Each object can be addressed by a unique URL.
storage in a bucket does not need to be pre-allocated.

Amazon S3 Operations

native interface and higher level interfaces

native interface
- Bucket: Create, delete, list keys in a bucket
- Object: Write, Read, delete an object
higher level interfaces
- AWS Software Development Kits (SDKs)
- AWS Command line interface (CLI)
- AWS Management Console

Amazon S3 Data Consistency

Amazon S3 is an eventually consistent system, changes in data may take some time to propagate to replicated locations.

Amazon S3 provides read-after-write consistency for PUTs to new objects (new key) but eventual consistency for GETs and DELETEs of existing objects (existing key), so it may return stale data Updates to a single key are atomic, you get the new or old data, but never a mix.

Amazon S3 Object Versioning

Versioning is a feature allowing multiple versions of an object to exist in an S3 bucket. Versioning needs to be enabled at a bucket level, meaning every object is given an object ID. When objects are deleted, a version ID is added rather than actually deleting the object.

Once Versioning is enalbed on an S3 bucket, any operations that would otherwise modify objects generate new versions of that original object. Once a bucket is version-enabled, it can never be fully switched off - only suspended.

With versioning enabed, an AWS account is billed for all versions of all objects. Object deletions by default don’t delete an object - instead, a delete marker is added to indicate the object can be accessed using the object name and a version ID. Specific version can be deleted.

MFA delete is a feature designed to prevent accidental deletion of objects. Once enabled, a one-time password is required to delete an object version or when changing the versioning state of a bucket.

Amazon S3 Permissions

Bucket authorization within S3 is controlled using:

identity policies on AWS identities
bucket policies in the form of resource policies on the bucket
bucket or object ACLS

Final authorization is a combination of all aplicable policies. priority order is:

Explicit Deny
Explicit Allow
Implicit Deny

When to use IAM policies vs. S3 policies

Use IAM policies if:
- you need to control access to AWS servcies other than S3.
- You have numerous S3 buckets each with different permissions requirements.
- You prefer to keep access control policiesin the IAM environment
- intereset in “what can this user do in AWS? “ use IAM policies.
Use S3 bucket policies if:
- You want a simple way to grant croll-acount access to your S3 environment, without using IAM roles.
- Your IAM policies bump up against the size limit.
- You prefer to keep access control policies in the S3 environment.
- intereset in “Who can acess this S3 bucket”, use S3 bucket policies.

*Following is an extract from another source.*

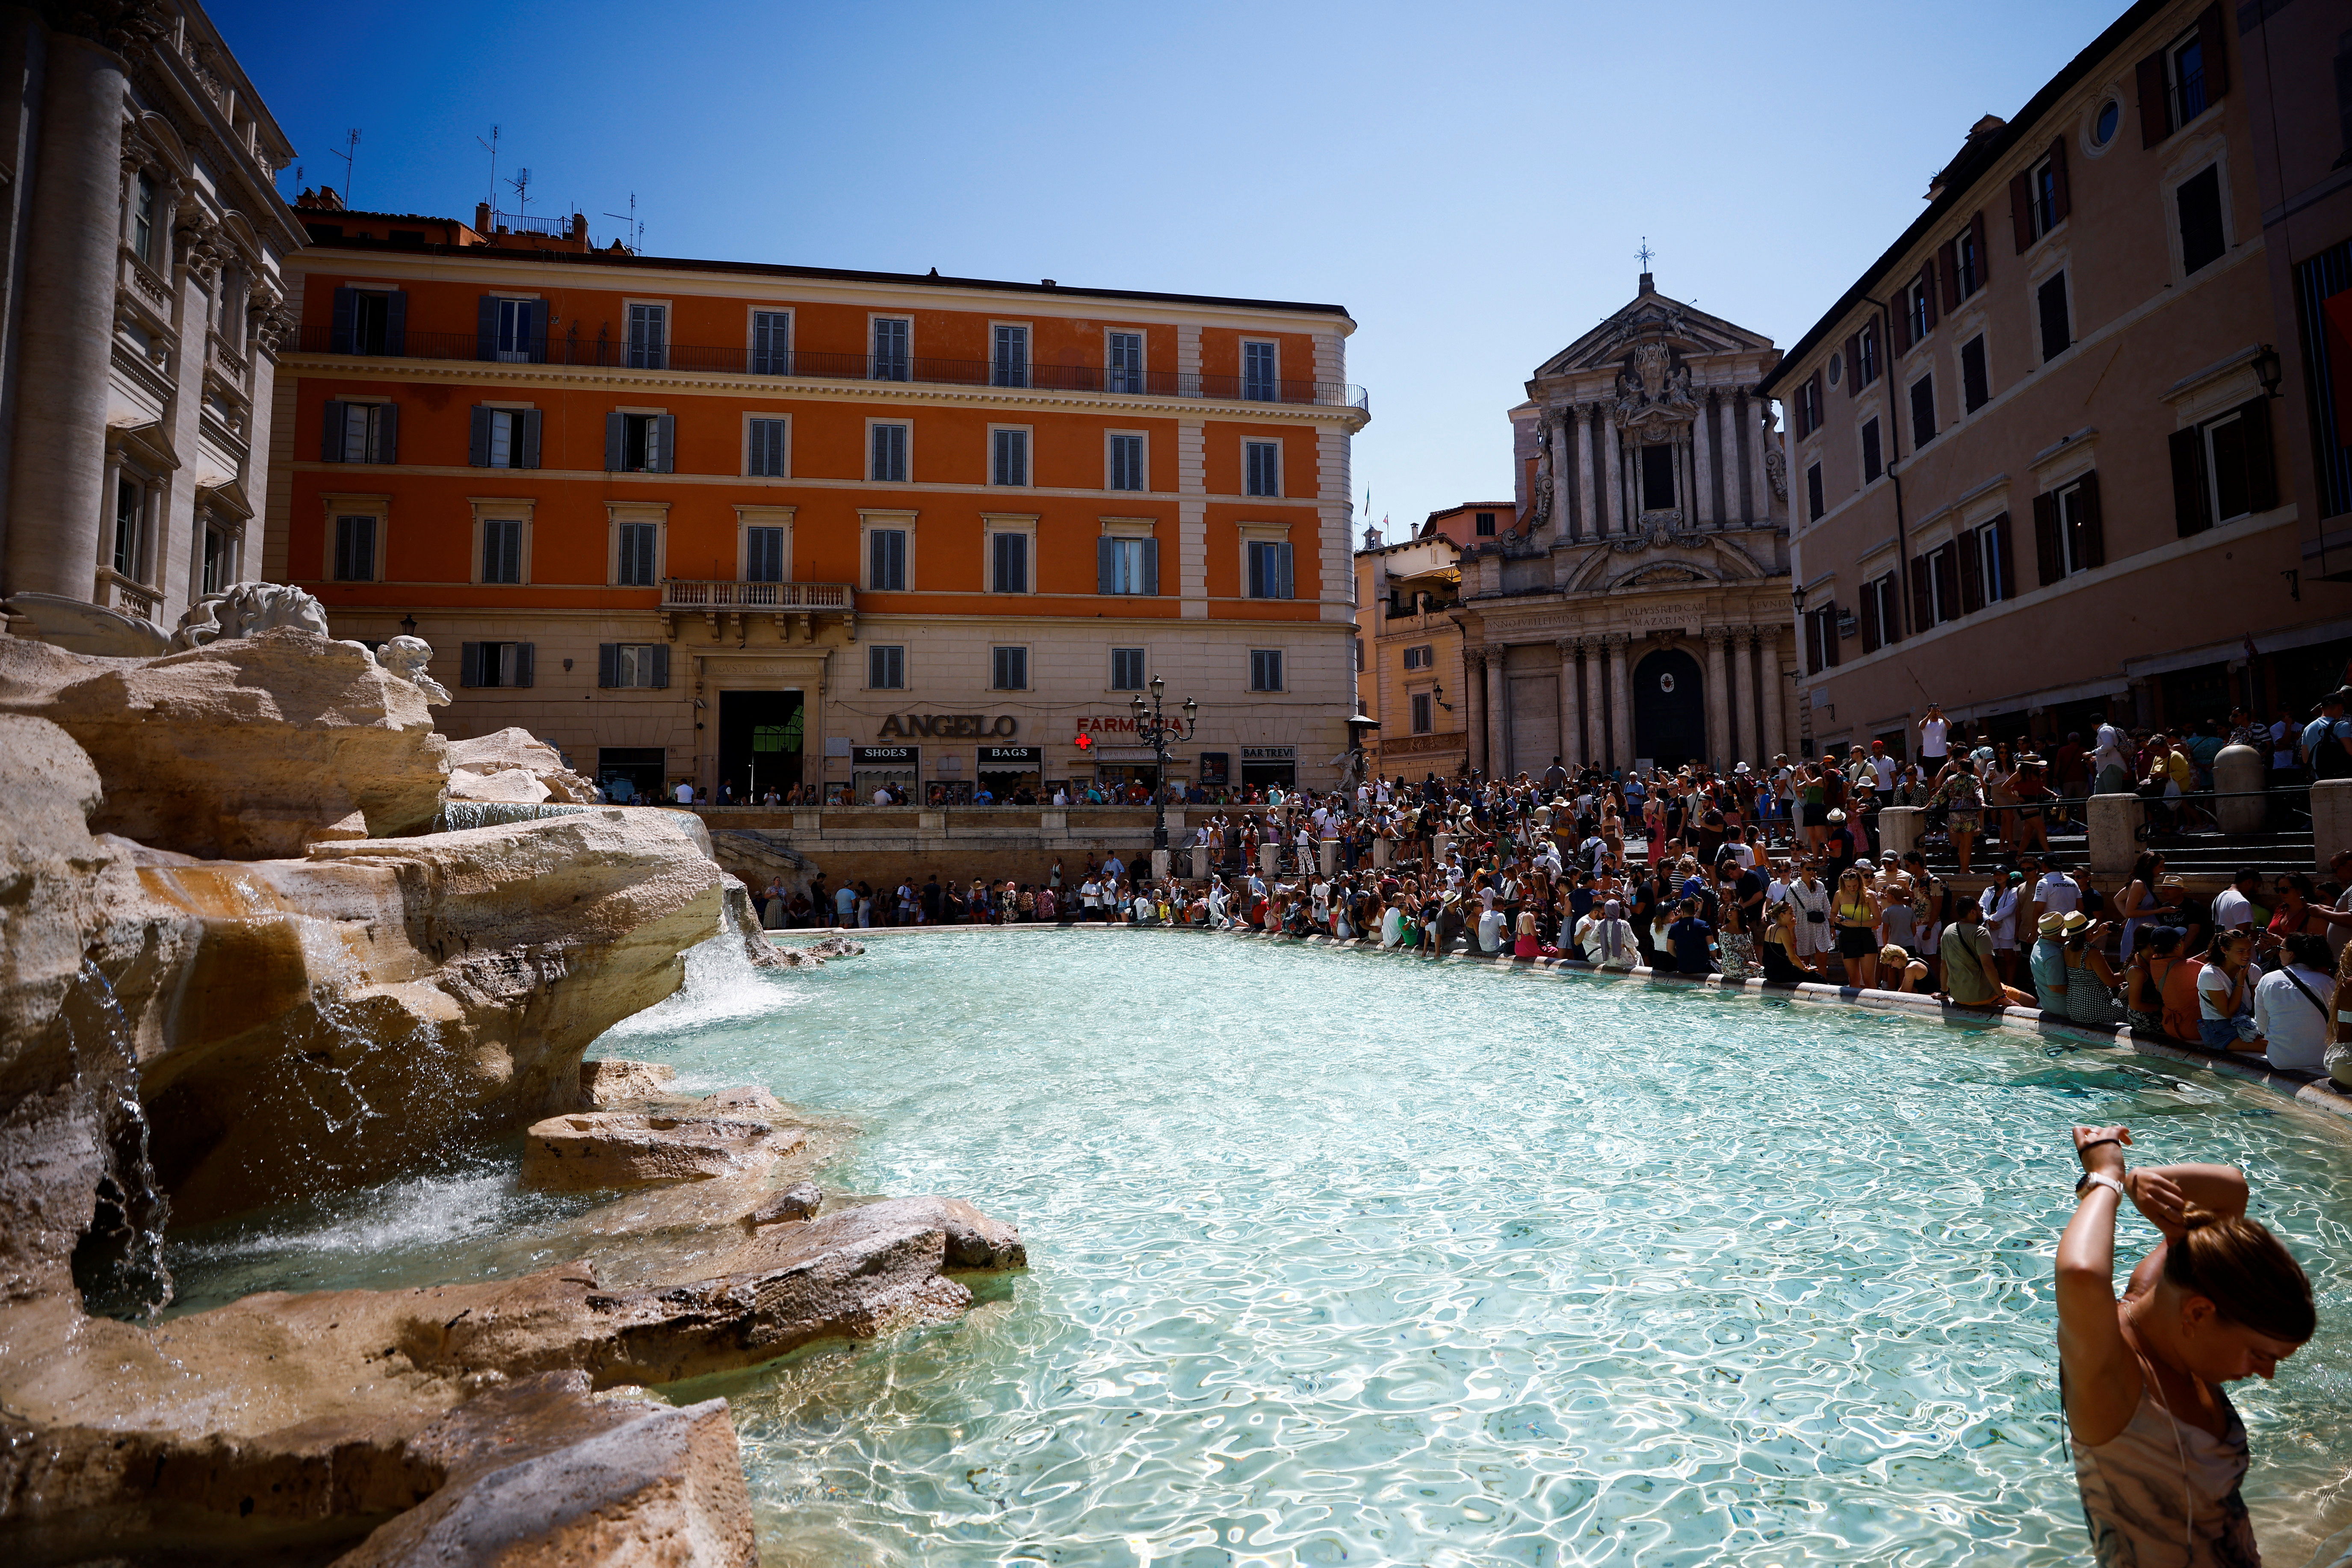 Tourists cool off at the Trevi Fountain in Rome amid record European temperatures.  (REUTERS/Guglielmo Mangiapane)

Uploads data to Amazon S3 buckets

It can be done using: S3 console, CLI, directly using the APIs. Uploads either use a single operation (PUT) or multipart upload.

Single PUT upload: object is uploaded i na single stream of data. Limit of 5 GB, can cause performance issues, and if the upload fails the whole upload fails.
Multipart upload:
- An object is broken up into parts (up to 10,000), each part is 5MB to 5 GB, and the last part can be less.
- Multipart upload is faster, and the individual parts can fail and be retried individually.
- AWS recommends multipart for anything over 100 MB, but it’s required for anything beyond 5 GB.
- better network utilization through parallel transfers
- the ability to pause and resume
- should use multipart upload for objects larger than 10M
- must use for objects larger than 5G
- Object lifecycle policy on a bucket to abort incomplete uploads after a specified number of days.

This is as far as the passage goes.